On Thu, Sep 19, 2013 at 2:37 PM, Kevin Ballard <[email protected]> wrote:
> I didn't look at Ruby's syntax, but what you just described sounds a little 
> too free-form to me. I believe Ruby at least requires a % as part of the 
> syntax, e.g. %q{test}. But I don't think %R{test} is a good idea for rust, as 
> it would conflict with the % operator. I don't think other punctuation would 
> work well either.
>
> -Kevin
>
> On Sep 19, 2013, at 2:10 PM, Martin DeMello <[email protected]> wrote:
>
>> How complicated would it be to use R"" but with arbitrary paired
>> delimiters (the way, for instance, ruby does it)? It's very handy to
>> pick a delimiter you know does not appear in the string, e.g. if you
>> had a string containing ')' you could use R{this is a string with a )
>> in it} or R|this is a string with a ) in it|.
>>
>> martin
>>
>> On Thu, Sep 19, 2013 at 1:36 PM, Kevin Ballard <[email protected]> wrote:
>>> One feature common to many programming languages that Rust lacks is "raw" 
>>> string literals. Specifically, these are string literals that don't 
>>> interpret backslash-escapes. There are three obvious applications at the 
>>> moment: regular expressions, windows file paths, and format!() strings that 
>>> want to embed { and } chars. I'm sure there are more as well, such as large 
>>> string literals that contain things like HTML text.
>>>
>>> I took a look at 3 programming languages to see what solutions they had: D, 
>>> C++11, and Python. I've reproduced their syntax below, plus one more custom 
>>> syntax, along with pros & cons. I'm hoping we can come up with a syntax 
>>> that makes sense for Rust.
>>>
>>> ## Python syntax:
>>>
>>> Python supports an "r" or "R" prefix on any string literal (both "short" 

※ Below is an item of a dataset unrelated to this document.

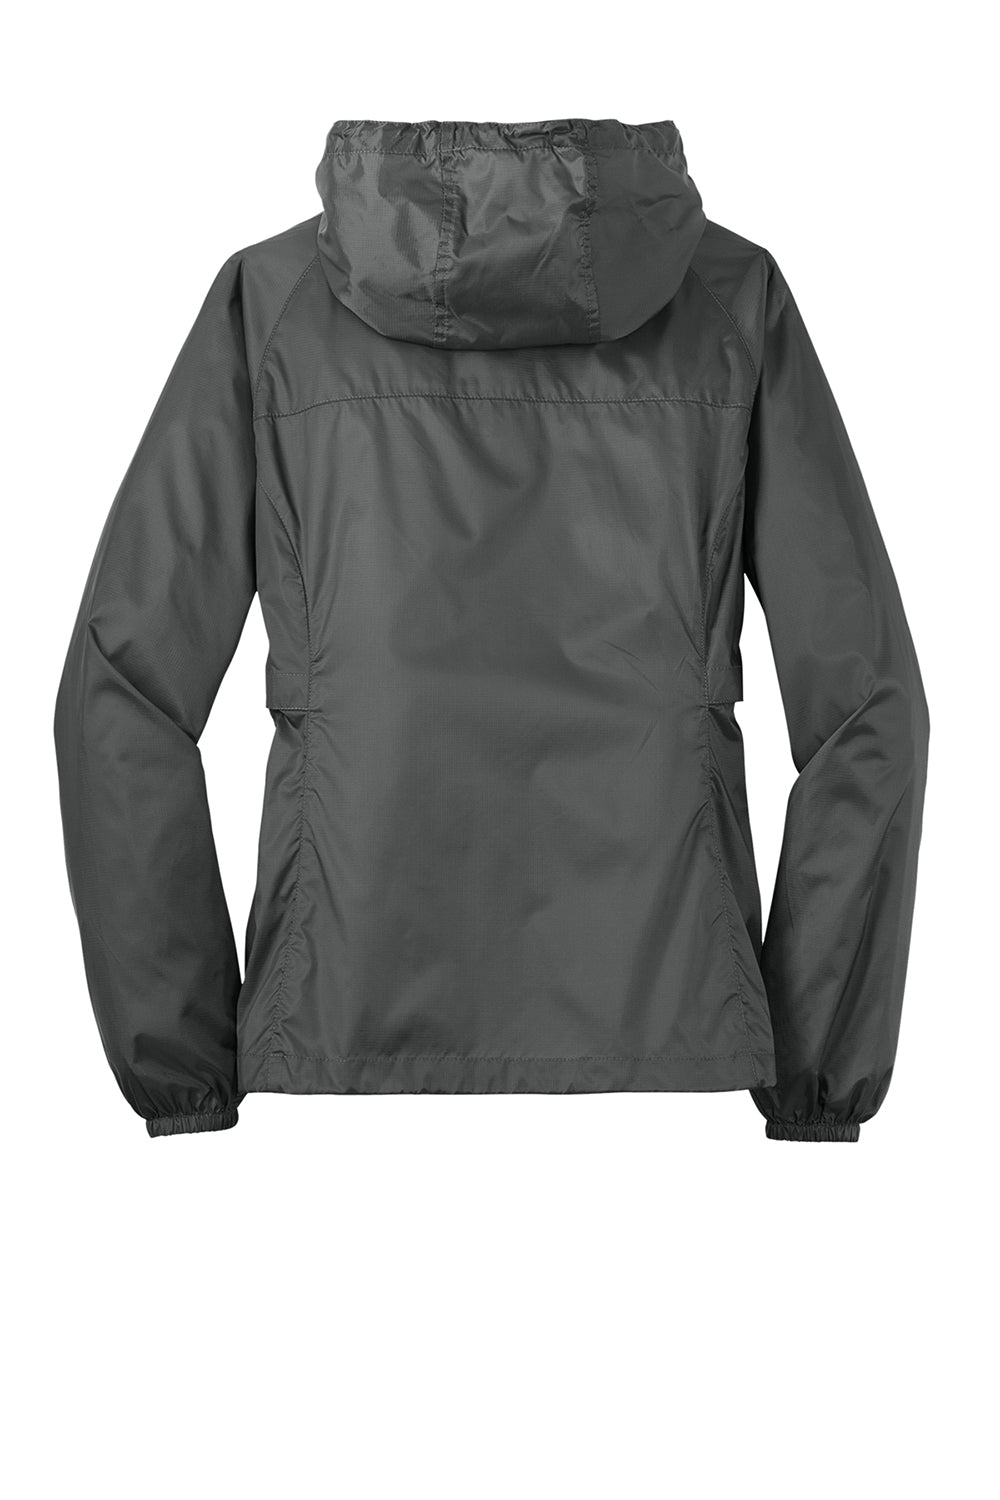 Eddie Bauer EB501 Womens Packable Wind Resistant Full Zip Hooded Jacket Steel Grey Flat Back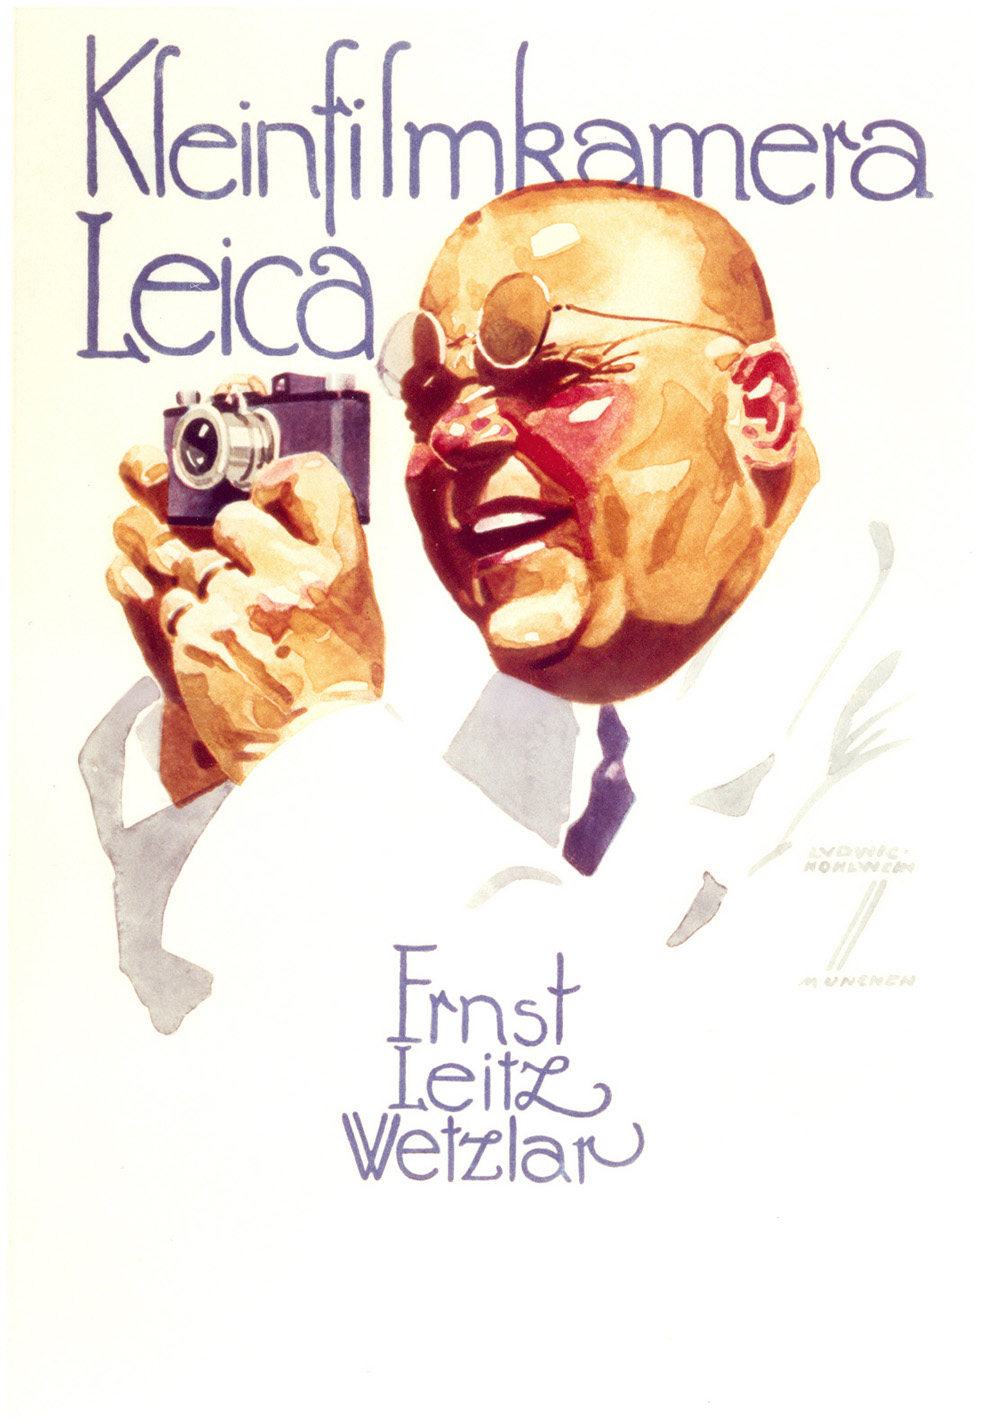 Leica Anzeigenmotiv von Ludwig Hohlwein, 1926 (erschienen in »Die Reklame«, Berlin 1926). © Leica Camera AG

>>> strings, delimited with a single quote, or "long" strings, delimited with 3 
>>> quotes). The "r" or "R" prefix denotes a "raw string", and has the effect 
>>> of disabling backslash-escapes within the string. For the most part. It 
>>> actually gets a bit weird: if a sequence of backslashes of an odd length 
>>> occurs prior to a quote (of the appropriate quote type for the string), 
>>> then the quote is considered to be escaped, but the backslashes are left in 
>>> the string. This means r"foo\"" evaluates to the string `foo\"`, and 
>>> similarly r"foo\\\"" is `foo\\\"`, but r"foo\\" is merely the string 
>>> `foo\\`.
>>>
>>> Pros:
>>> * Simple syntax
>>> * Allows for embedding the closing quote character in the raw string
>>>
>>> Cons:
>>> * Handling of backslashes is very bizarre, and the closing quote character 
>>> can only be embedded if you want to have a backslash before it.
>>>
>>> ## C++11 syntax:
>>>
>>> C++11 allows for raw strings using a sequence of the form R"seq(raw 
>>> text)seq". In this construct, `seq` is any sequence of (zero or more) 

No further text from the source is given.